On the Display Driver Setup dialog, some options are unavailable if the corresponding driver is not installed in the system. The currently installed driver is listed in the Display Driver group.
When you choose Software as the display driver, two additional options become available:
Software Z Buffer—Choose this if you're using software rather than hardware acceleration. This choice is always available.
Custom Driver—Choose this if you're manipulating a lot of wireframe displays and no shaded displays, and if you're using hardware acceleration. Choose the software display driver from the list. Typically, this driver will come from the manufacturer of your display card, and will be labeled “Heidi.”
Choose this option if you're using any form of hardware acceleration. The software will use whatever driver has been installed in your operating system.

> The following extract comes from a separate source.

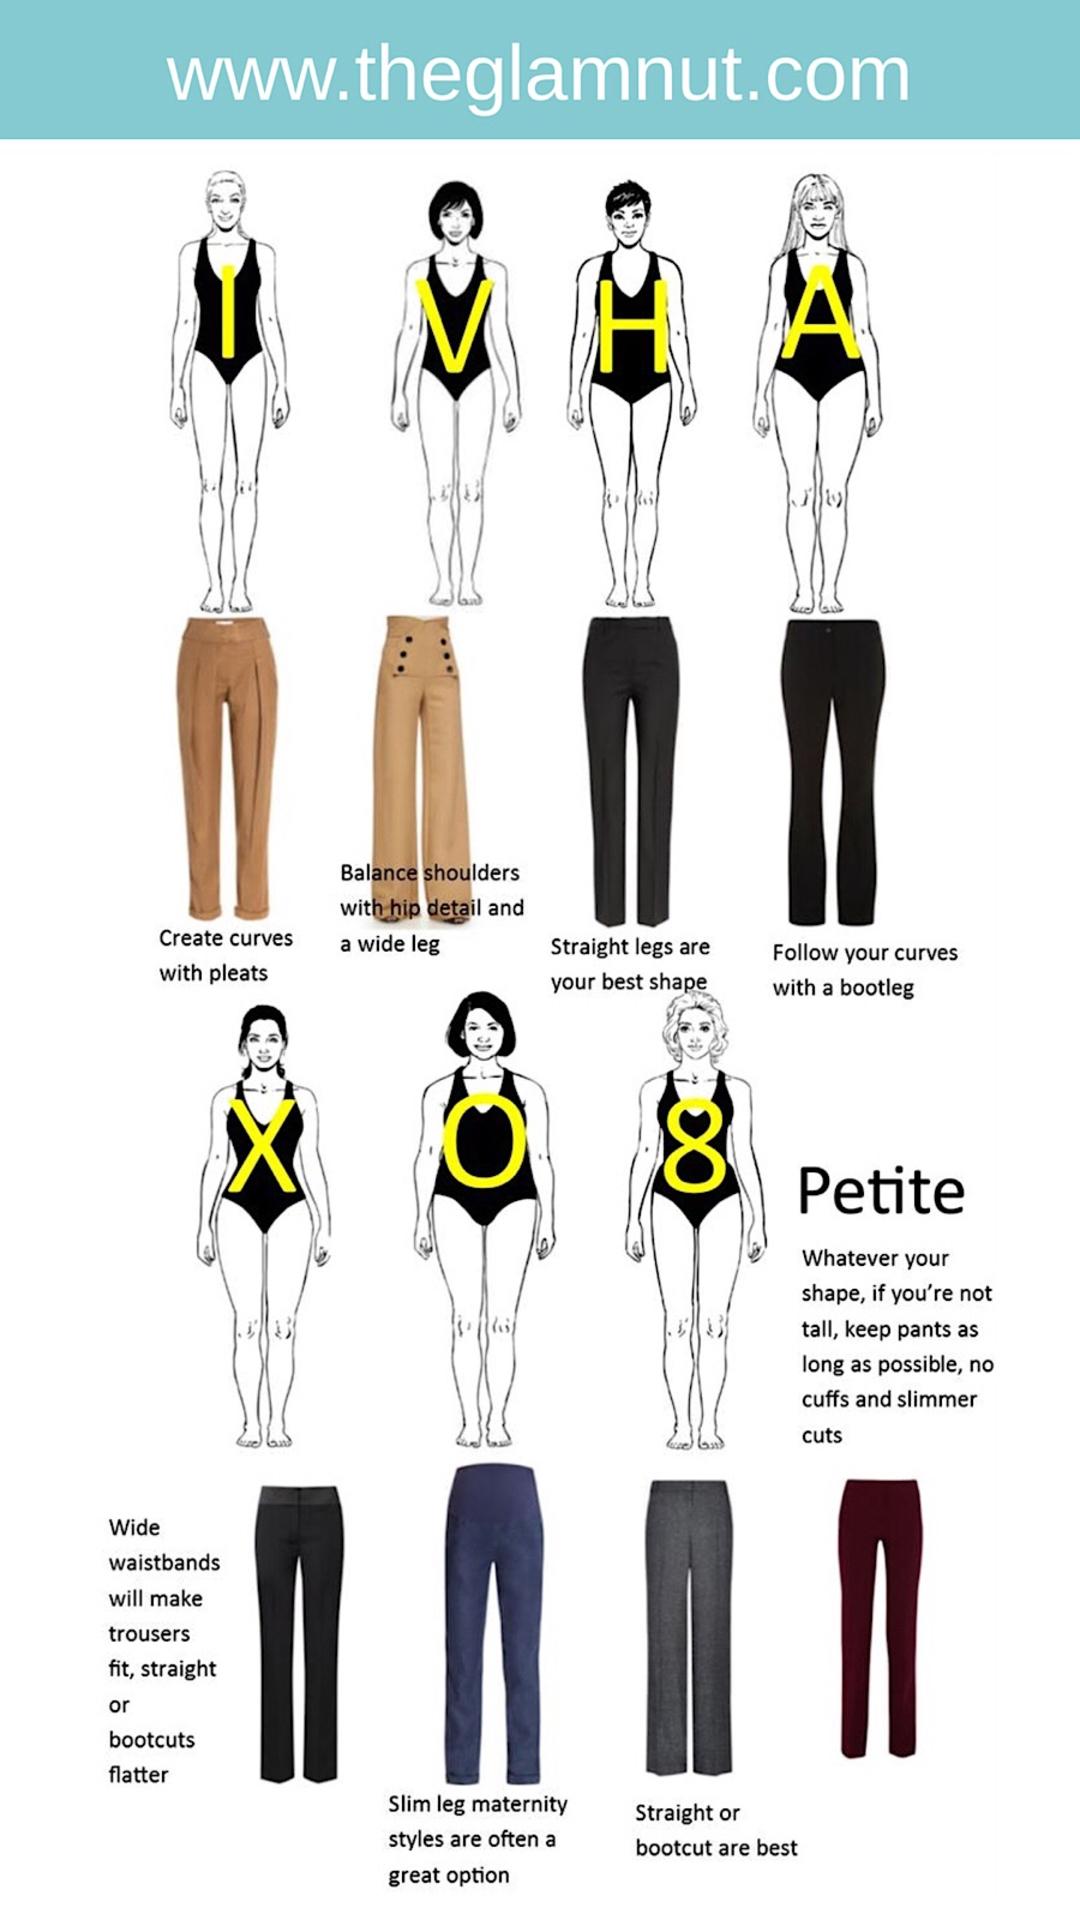 THE GLAM NUT - Fashion & Lifestyle Blog - AA21E304-6E24-4FC5-A9ED-8A9FDEE6FE14

The OpenGL driver supports geometry acceleration as well as rasterization acceleration. It offers the optimum display performance for animated deforming meshes. It's tightly integrated into Windows NT and Windows 2000, and many 3D display cards were specifically designed to accelerate OpenGL operations. OpenGL implementations have all of the scene data necessary to optimize the entire 3D display process.
Because OpenGL is most efficient when run on systems with at least rasterization acceleration, the software display driver/SZB option may work best on systems with an ordinary 2D display card. However, with a 3D-enabled card, you may see dramatic acceleration using the OpenGL driver.
The disadvantages of the Open GL driver are as follows:
All potentially visible scene data must be transferred to the driver, and this can cause a communication bottleneck across the system bus. In particular, this slows down the display of individual primitives (as opposed to strips or polylines, like wireframe displays).
Because the OpenGL design supports a wide variety of display systems, there is no guarantee that either incremental scene update methods (partial window blits (Block Image Transfers) or dual planes) will work with a particular implementation of OpenGL.
Because lighting and texturing are restricted to OpenGL-specified semantics, mismatches between 3ds max scene lighting and texturing and what appears in an OpenGL viewport can occur. This applies especially to attenuated lights and non-tiled texture display.)
Choose this if you have a Direct 3D (D3D) driver installed on your system. If you don't have this driver installed, this option is unavailable.
The Microsoft Direct3D API supports both rasterization and 3D scene level calls. It offers the optimum display performance for large modeling tasks, and pixel and vertex shading. (At this time, 3ds max supports only D3D Version 8, which is included in DirectX 8.) D3D calls are accelerated if the display hardware supports this.
Many inexpensive 3D display cards can use this driver efficiently. This driver supports scene data culling efficiently, accelerates texture display (depending on the specific display card), and performs perspective correction.
The driver works with high-color displays, which provide a good trade-off between display quality and memory overhead. Incremental display update works efficiently.
The disadvantages of the Direct 3D driver are as follows:
The driver currently runs only under Windows 95, Windows 98, and Windows 2000. (There is no multi-processor Windows NT support.) It supports only high-color displays.
Dual plane operations are slow (if available), and there can be some additional overhead in minimizing/maximizing viewports due to the way D3D allocates video memory.